Hi Stephanie,
We assume 1) independent outcomes at each trial, 2) constant probability of effectiveness of 0.8. These two assumptions imply that in N trials, the random variable X = number successes follows a binomial distribution. We use Excel to find the answer by using the Excel function BINOM.DIST(number_s, trials, probability_s, cumulative) where the arguments are as follows:
number_s = number of successes, call it X for now
trials = number of trials = 11 here
probability_s = probability of success = 0.8 here
cumulative: if you put "TRUE" in here, the function returns the cumulative distribution, which is the probability of getting X or fewer successes in 11 trials. If you put "FALSE" in here, then the function returns the probability of obtaining exactly X successes in 11 trials.

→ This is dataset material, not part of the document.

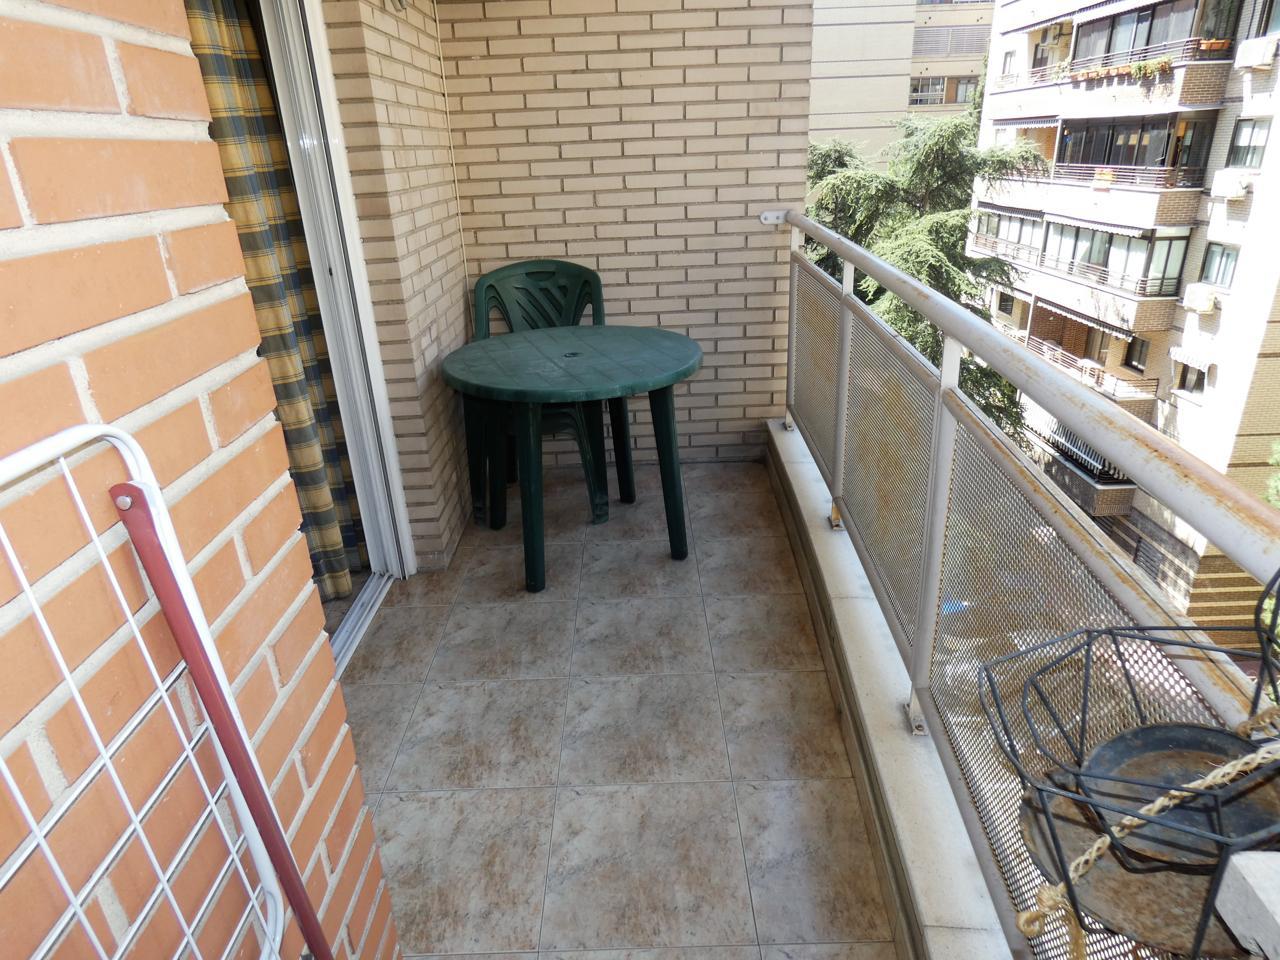 Fm gestiona piso en venta en valdemoro de 90 m2 - Pisos en venta en valdemoro particulares ...
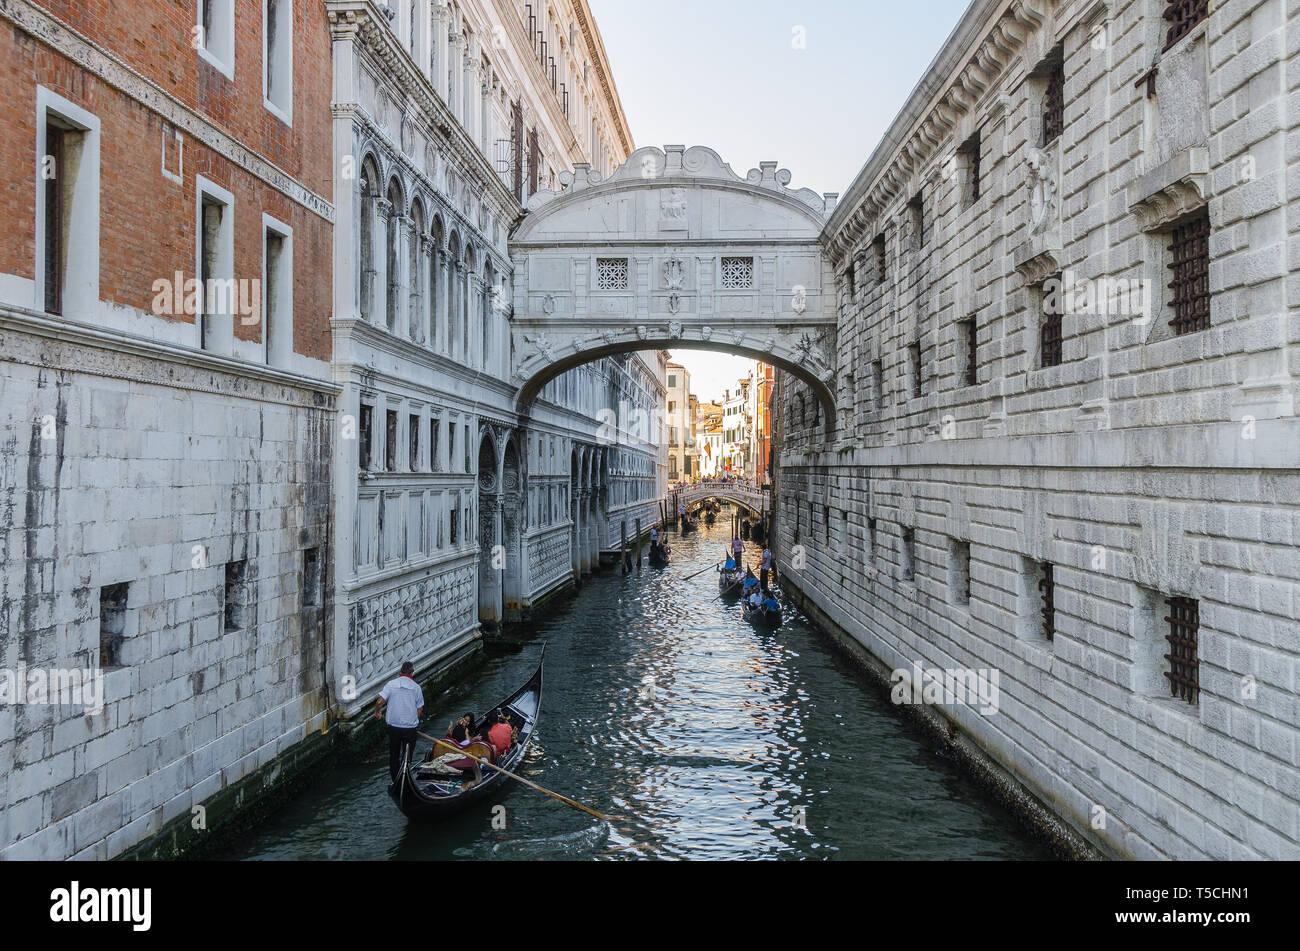 Rialtobrücke in Venedig - Stock Image

There are several different ways to answer this using BINOM.DIST and I will show 2 ways.
First, we want the probability of 10 or 11 successes. Therefore, we can just find the probability of 9 or fewer successes and subtract it from 1 as follows:
1 - "=BINOM.DIST(9,11,0.8,TRUE)" = 1 - 0.6779 = 0.3221
You can paste the quoted text in the formula bar to obtain 0.6779 as the probability of 9 or fewer successes, and 0.3221 is then the probability that remains for 10 or 11 successes.
Alternatively, you can use the BINOM.DIST function and just add the probability of 10 successes and the probability of 11 successes together as follows:
"=BINOM.DIST(10,11,0.8,FALSE) + BINOM.DIST(11,11,0.8,FALSE)" = 0.3221
Again, you can just paste the quoted text in the formula bar to obtain the results.
Hope this helps. Feel free to ask questions.